Day 12: Barefoot
We rarely wore shoes growing up.
Before I got into skateboarding at 11, one of the only times I’d wear them was when I was playing sports.
It was normal for us to have calluses on our feet. My dad wore shoes even less than us and his feet became thick and tough like moccasins.
And it wasn’t only my family. If you lived in Hawaii, you just didn’t really wear shoes. Simple as that.
After all, you didn’t need to. You’re on the beach half the time. And the rest of the time you just wear slippers (i.e. “flip-flops” or “thongs” depending where you’re from). Easy on, easy off. No fuss.
One of the things I noticed when I moved away and started wearing shoes more often, was that I wasn’t feeling the ground anymore.
The grass in the park. Puddles after the rain. Gravel in the driveway. A smooth, freshly paved street. Mud between your toes.
Wearing shoes all the time, my feet grew soft. they forgot the many textures of the earth.
A friend from the mainland once visited me at home near the beach. He wasn’t used to going barefoot.
We walked from my house down the road all the way to the ocean with no shoes. We had to walk slow, since his feet weren’t used to the different terrains. Wood chips, a sun-baked road, loose pebbles and sand can hurt if you’re not used to them.
But he loved it. “I can feel so much!” And he didn’t wear shoes the rest of the trip.
When I started moving to different cities for work every year and my growing anxieties kept me more and more often indoors, I realized that on a personal level, I was going through the same thing my feet were.
If I stayed in my room, it didn’t matter where in the world I was. I was barricaded, shielded from the outside world. I didn’t get to know the people, I never saw the city, I didn’t know what the sky looked like or what the air felt or smelled like. I didn’t know what kinds of songs the birds sang in that part of the world. And if I left, having stayed in my room, it’s like I have never been there at all.

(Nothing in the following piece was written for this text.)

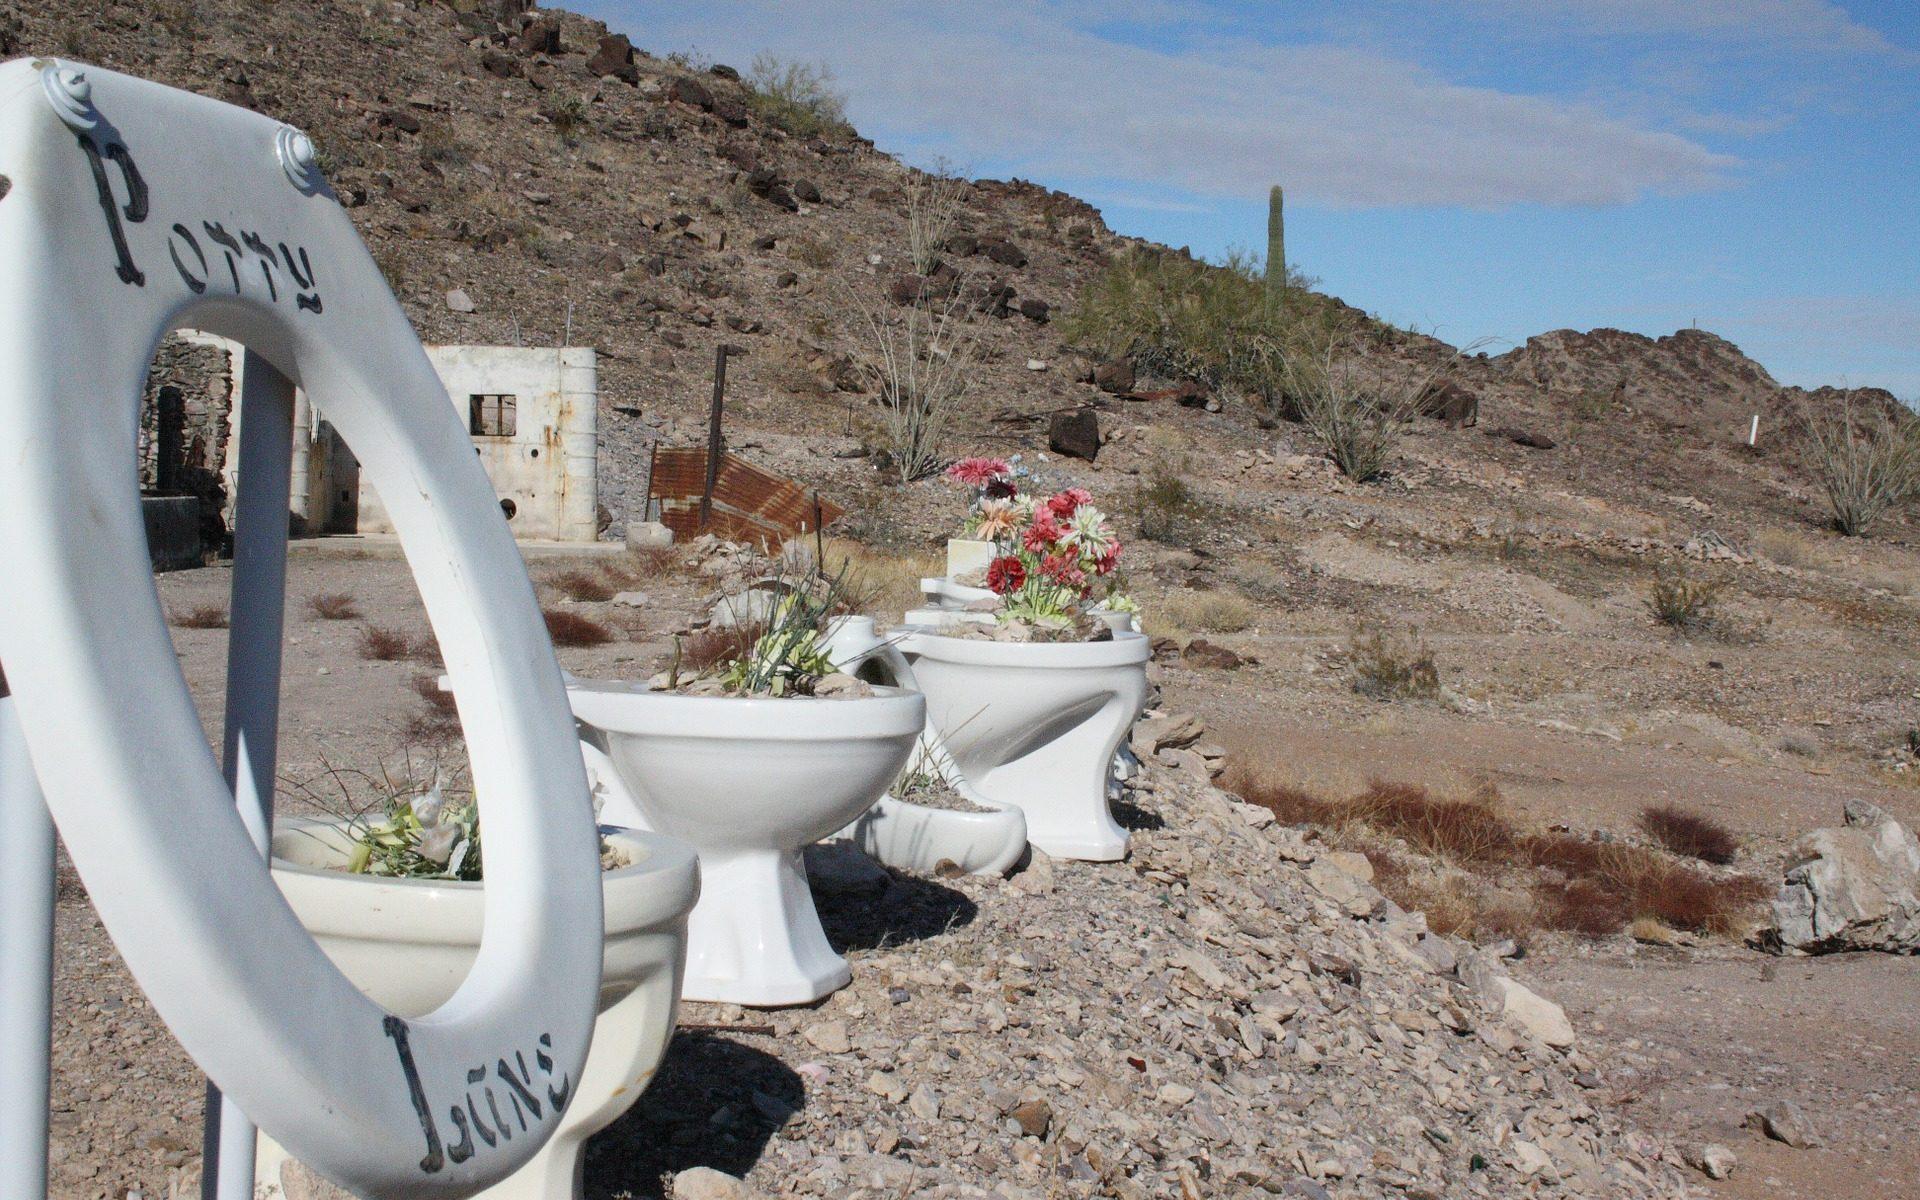 """quartzsite kloschuesseln wueste 1920x1200 - Quartzsite, Arizona: Blühende Kloschüsseln in der Wüste - """"Erdman's Place"""""""

And my feet were going through the same thing. Wearing shoes, they were cut off from the ground beneath them. They didn’t know where they were. It didn’t make any difference if it was hot or cold or wet or dry. Through it all they were shielded, wrapped in a comfortable cocoon, and never exposed to the outside world.
Safe, yes. But sheltered.
Sometimes we really do need to block out the outside world. Sometimes that’s the only way we can think, the only way we have any chance to focus and get things done.
But how often do we block out the world around us simply because it’s more comfortable, and because it’s what we’ve been raised to do?
The world is a rich and deep and exciting place. How much of it do we miss because we’ve never thought to take off our shoes?